The IASB has finalised amendments to clarify how an entity classifies liabilities with covenants as current or non-current. The amendments amend earlier amendments that are not yet effective and which had created some uncertainties in interpretation. The previous amendments cannot be early adopted without also applying the new amendments.

The AASB is expected to make equivalent amendments in due course. The new requirements are effective on a retrospective basis for annual reporting periods beginning 1 January 2024 (a year later than the original amendments) and will also introduce new disclosures about covenants. Entities should consider the revised requirements in relation to existing and new borrowings that are expected to be in place when the amendments become effective.

More information can be found in iGAAP in Focus IASB issues amendments to IAS 1 regarding the classification of liabilities with covenants.

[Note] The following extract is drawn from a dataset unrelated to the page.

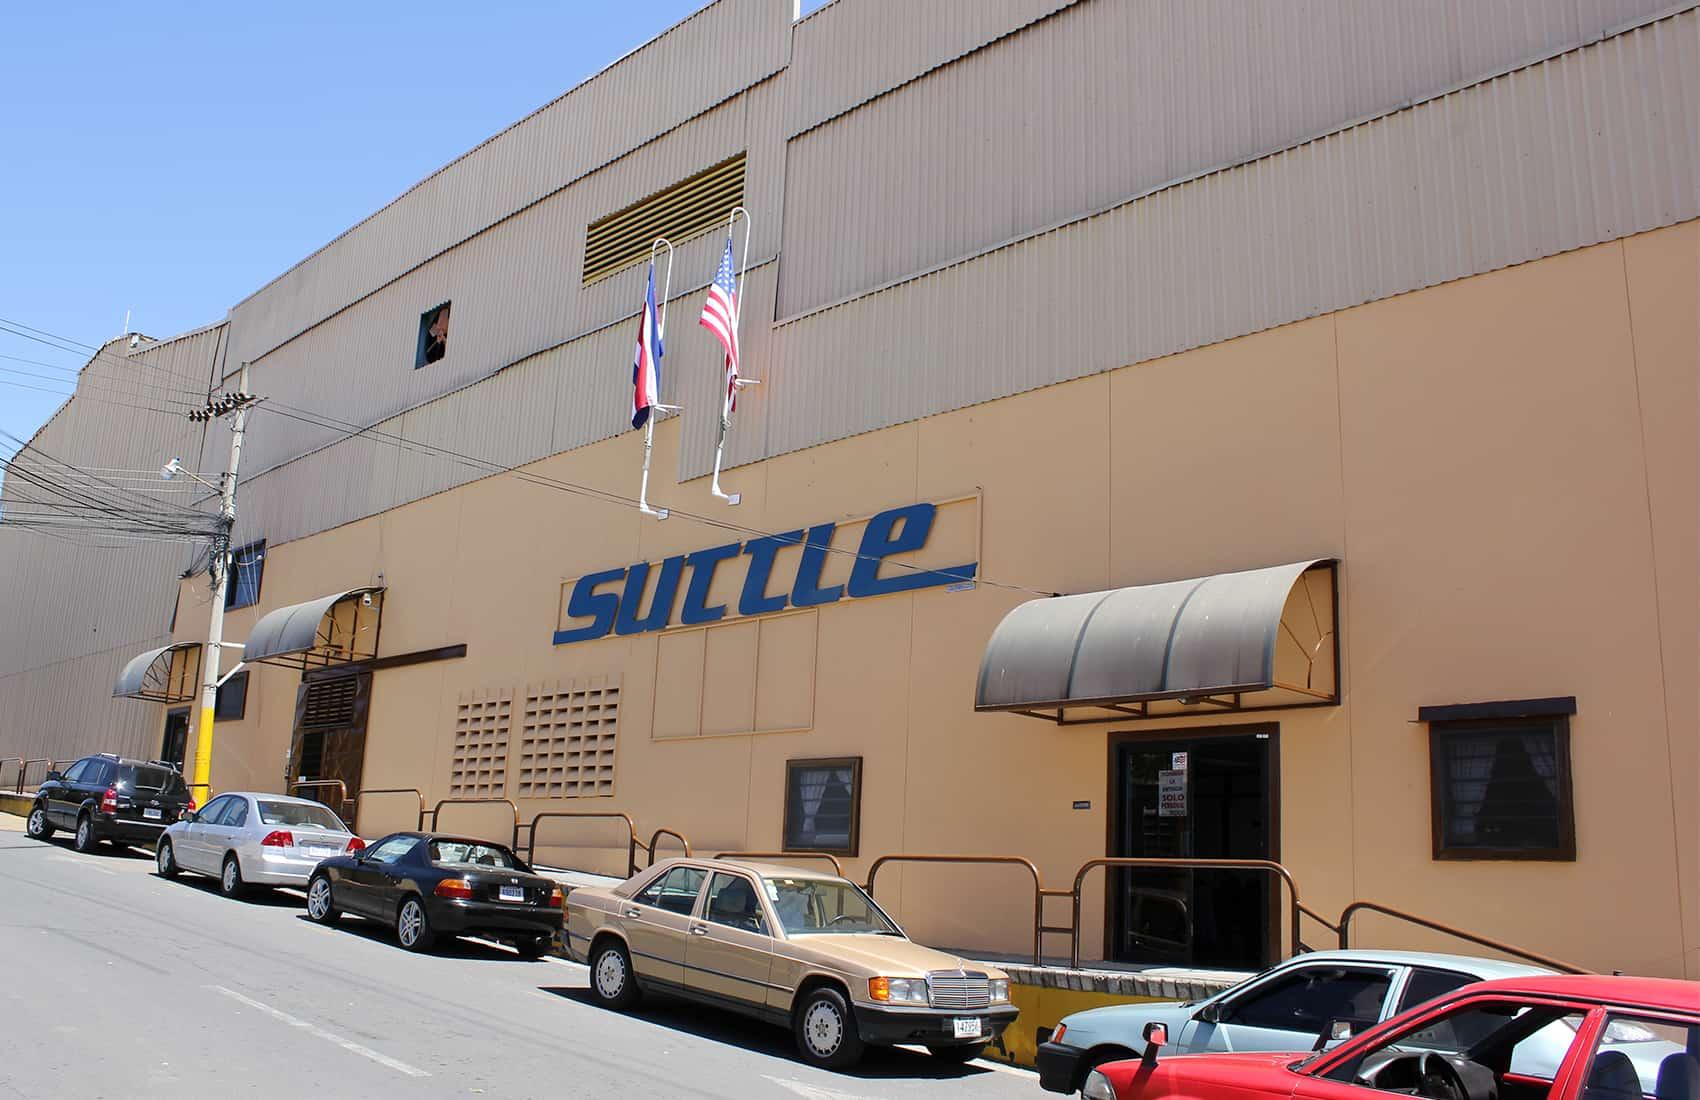 Suttle Costa Rica, Alajuela province.

IOSCO calls for transparency in financial reporting

The Board of the International Organization of Securities Commissions (IOSCO) has issued a public statement encouraging issuers, external auditors, as well as audit committees (or those charged with governance) to be particularly vigilant in times of economic uncertainty in their consideration of how risks and uncertainties that could affect or have affected an issuer’s operations, financial condition, cash flows and prospects can be transparently communicated to investors.

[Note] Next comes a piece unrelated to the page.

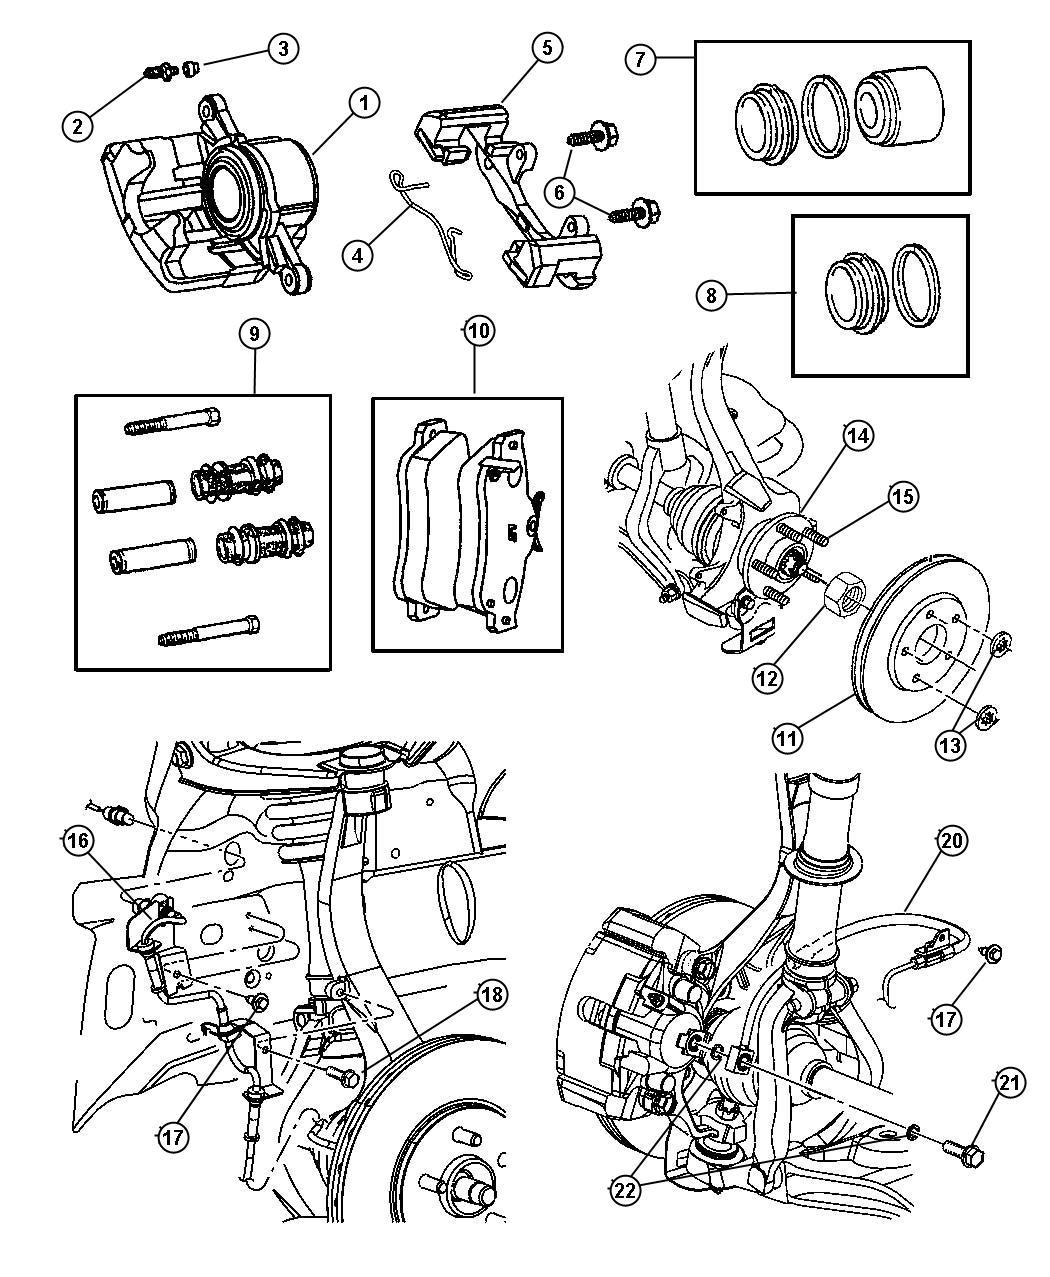 2001 Dodge Stratus Piston kit. Front brake. Wheel, disc

The statement highlights the following financial statement considerations:

  • Going concern
  • Events after the reporting period
  • Updating and assessing significant judgements, estimates and estimation uncertainty
  • Cybersecurity risks
  • Non-GAAP financial measures.

APES 205 revised to respond to the removal of the reporting entity concept and pending accounting policy disclosure changes

The Accounting Professional & Ethical Standards Board (APESB) has issued a revised APES 205 Conformity with Accounting Standards, which addresses recent changes to Australian Accounting Standards to remove the reporting entity concept for most for-profit private sector entities and the forthcoming change to the disclosure of ‘material accounting policy information’ rather than ‘significant accounting policies’.

The revised APES 205 requires special purpose financial statements to disclose ‘material accounting policies’ and to also comply with any Australian Accounting Standards that apply to those financial statements. The revised APES 205 is effective from 1 January 2023, with early adoption permitted. More information can be found in the APESB Technical Alert.

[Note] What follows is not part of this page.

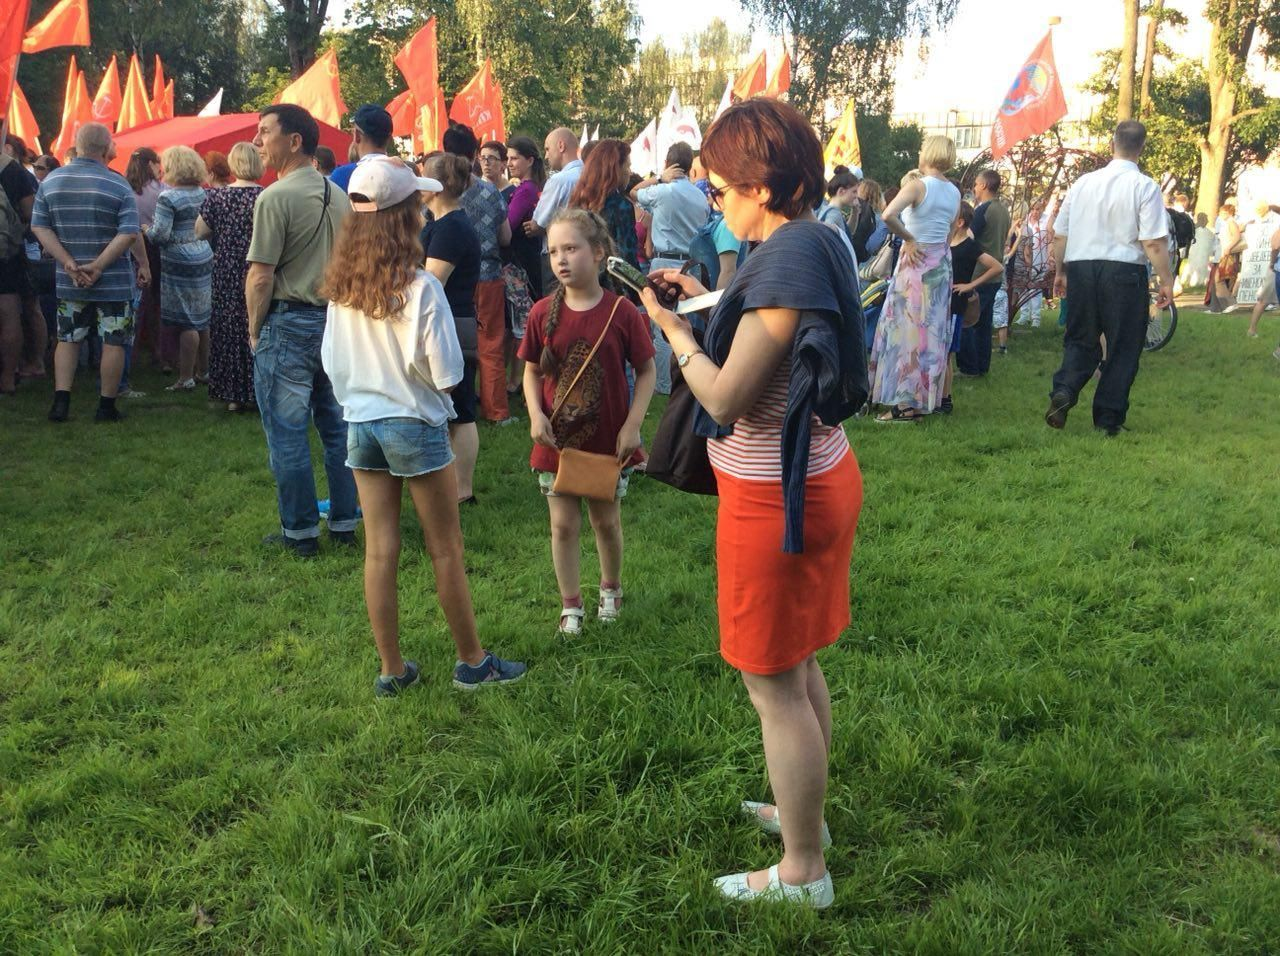 Старость неврадость: вВоронеже прошли два митинга против пенсионной реформы

Global sustainability reporting developments – Recent updates on progress toward new global sustainability reporting disclosure standards:

  • ISSB update – The International Sustainability Standards Board (ISSB) met in October 2022 and subsequently held a supplementary November 2022 meeting in addition to the main November 2022 meeting. The ISSB is rapidly progressing redeliberations with a view to issuing finalised IFRS Sustainability Disclosure Standards as early as possible in 2023
  • New Integrated Reporting and Connectivity Council – The IFRS Foundation has announced the formation and membership of a new advisory group, the Integrated Reporting and Connectivity Council (IRCC). The IRCC has a diverse membership and will advise on how reporting required by the IASB and ISSB could be integrated
  • CDP to include ISSB climate standard – the ISSB and CDP (formerly the Carbon Disclosure Project) have announced that the CDP will incorporate the forthcoming ISSB climate-related IFRS® Sustainability Disclosure Standard (IFRS S2) into its global environmental disclosure platform, with effect from the 2024 reporting cycle. This will effectively accelerate the early adoption of the IFRS S2 standard by entities reporting under the CDP framework
  • TCFD 2022 Status Report – The Task Force on Climate-related Financial Disclosures (TCFD) has published its 2022 Status Report. An accompanying announcement notes growing support for the TCFD recommendations (on which the ISSB’s proposals are based) and steady growth in the average number of recommended disclosures being disclosed.